=== Begin Enclosure ===

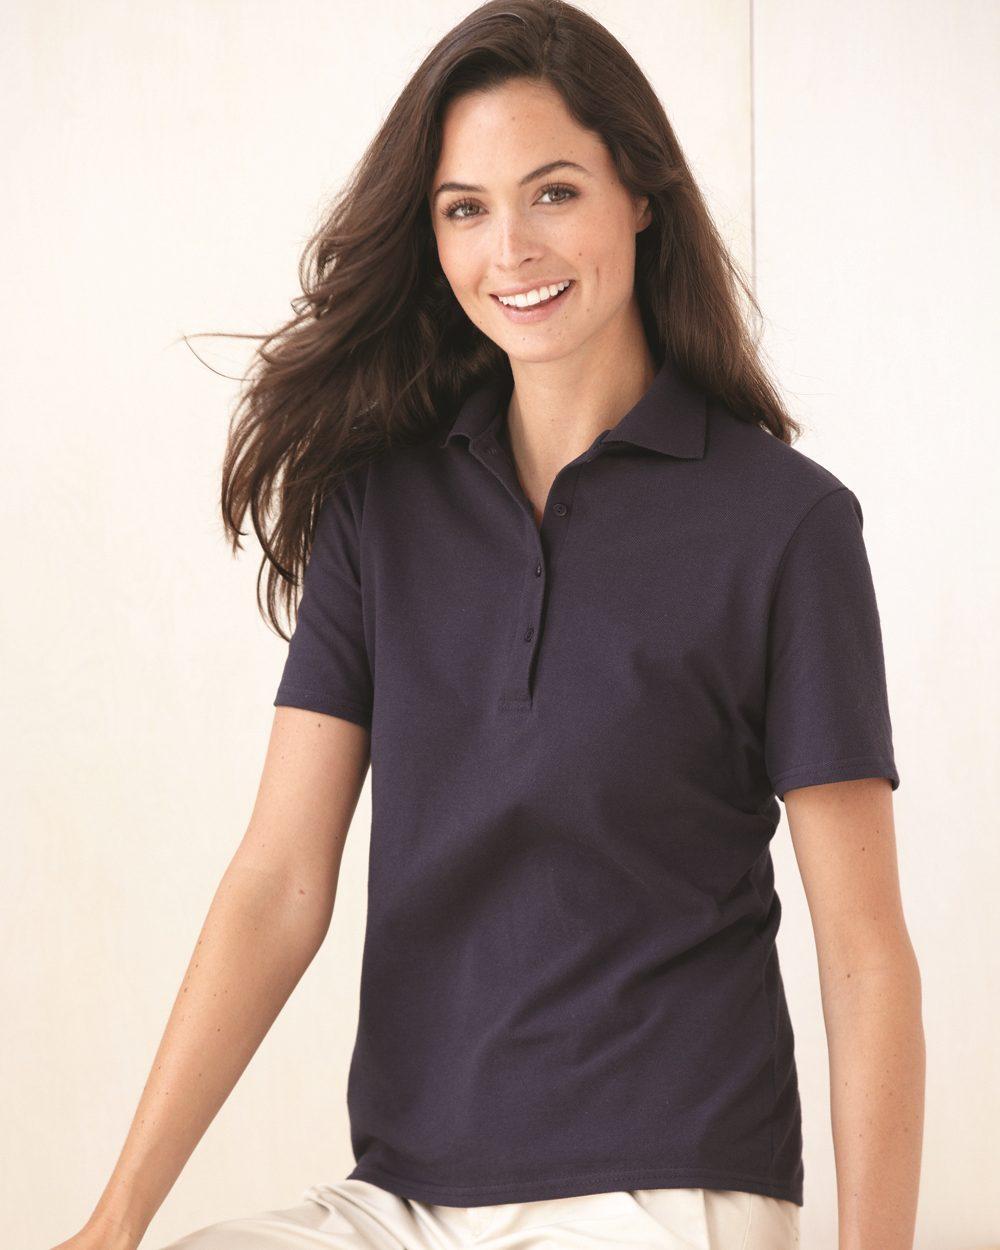 Stedman By Hanes 035X Ladies' Cotton Pique Sport Shirt
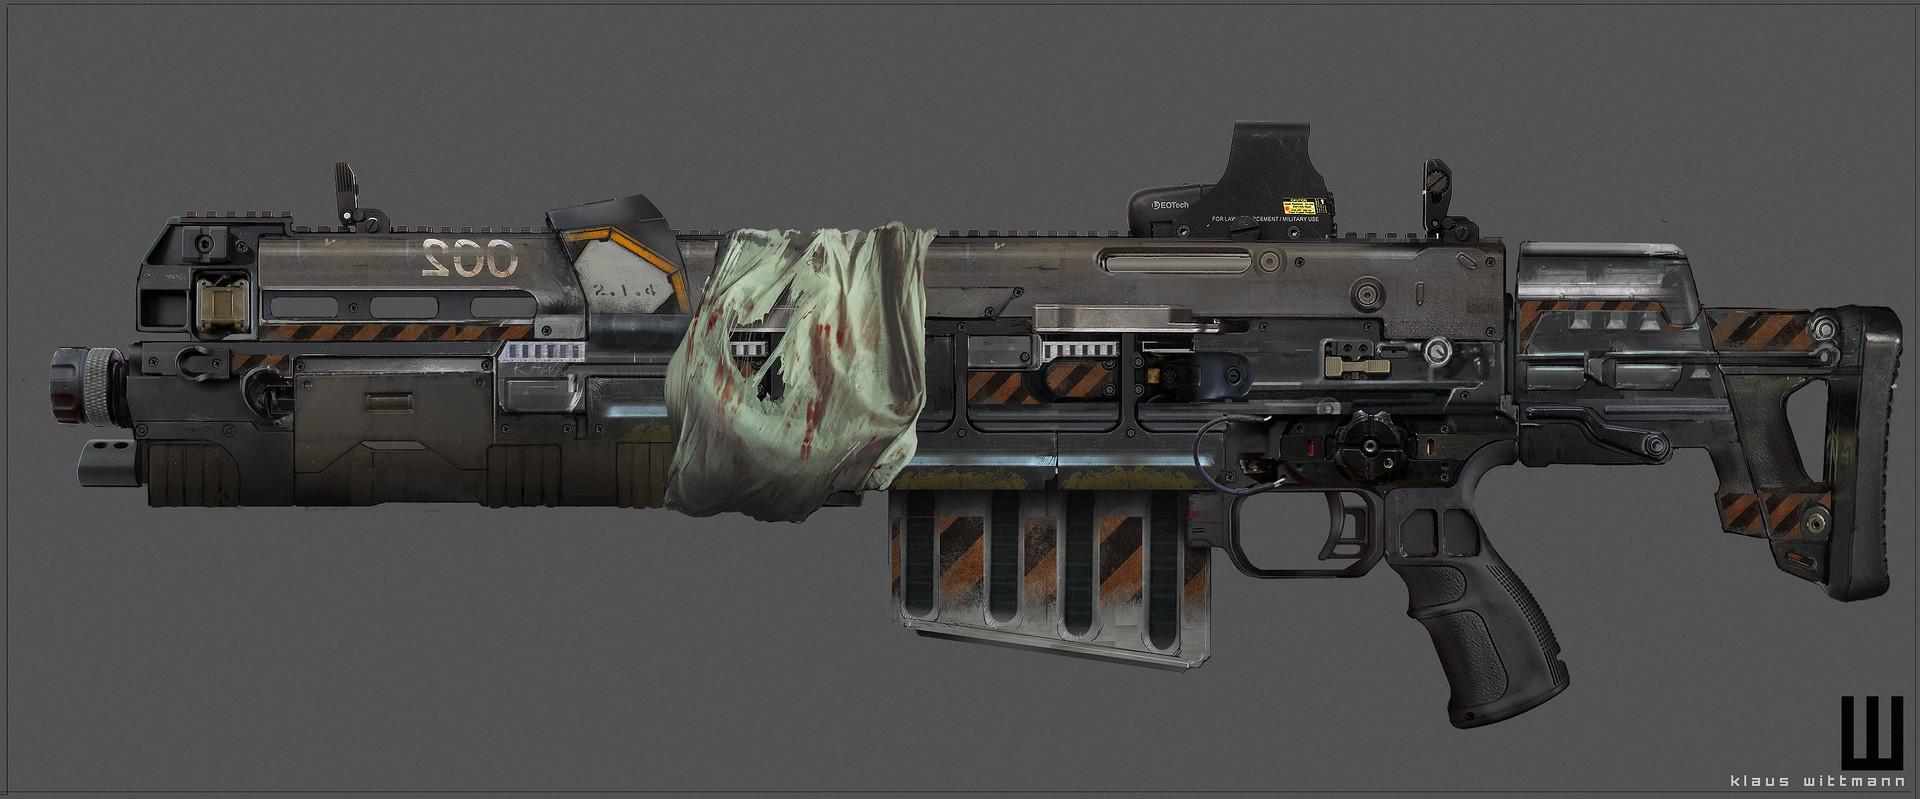 Klaus wittmann guns single
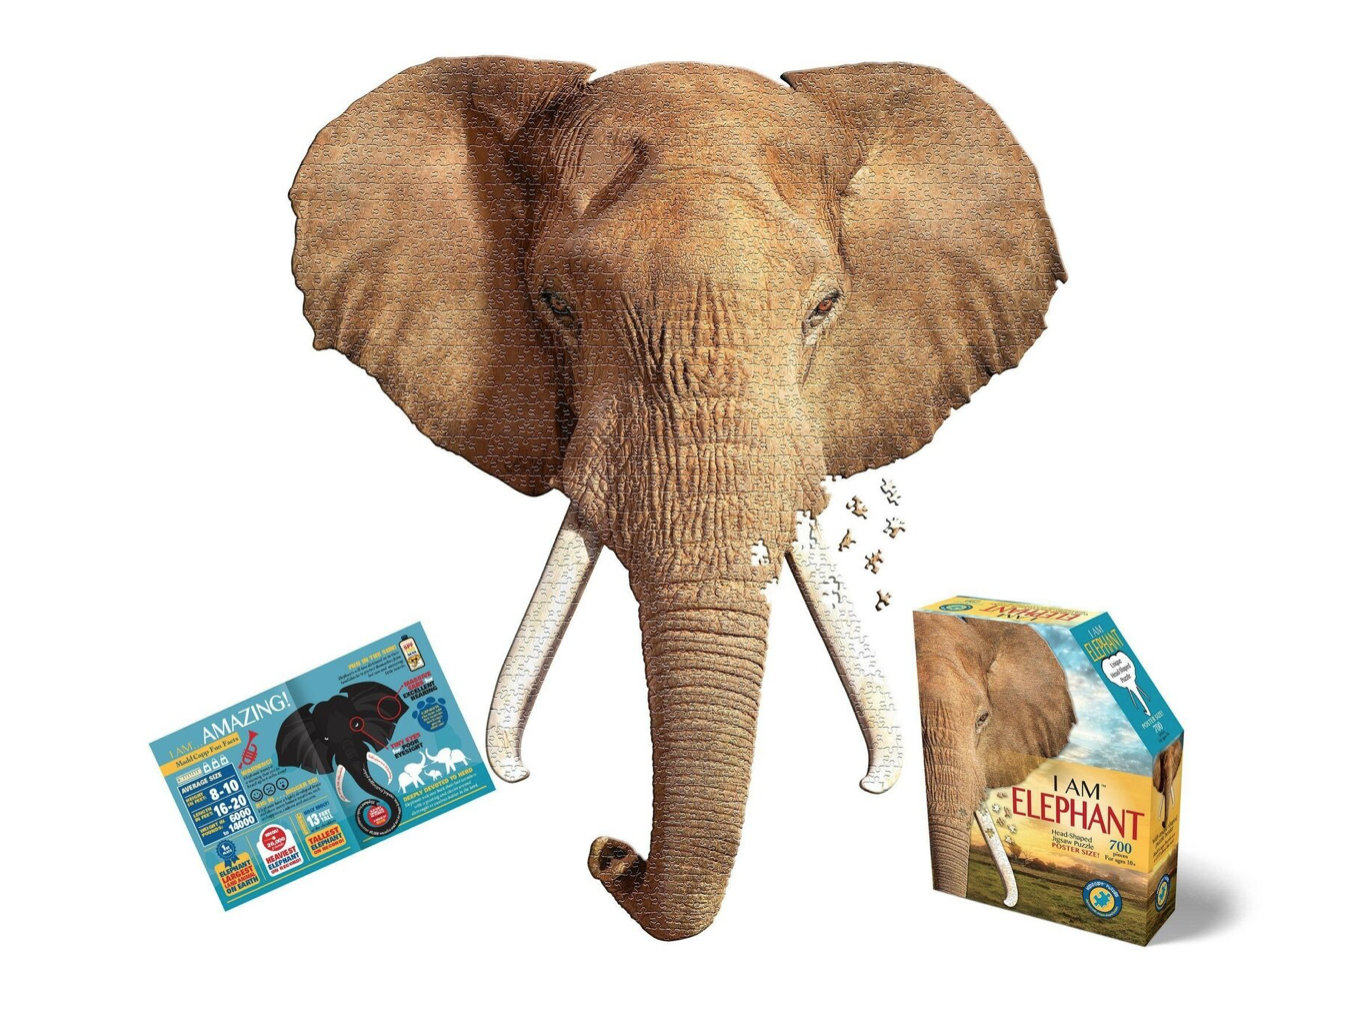 E11even I AM Elephant

=== End Enclosure ===

## Task item
Only the lines from the one containing "Klaus wittmann guns single" through the last line of the material should be returned, exactly and without pictures.

## Problem solution
 Klaus wittmann guns single
 E11even I AM Elephant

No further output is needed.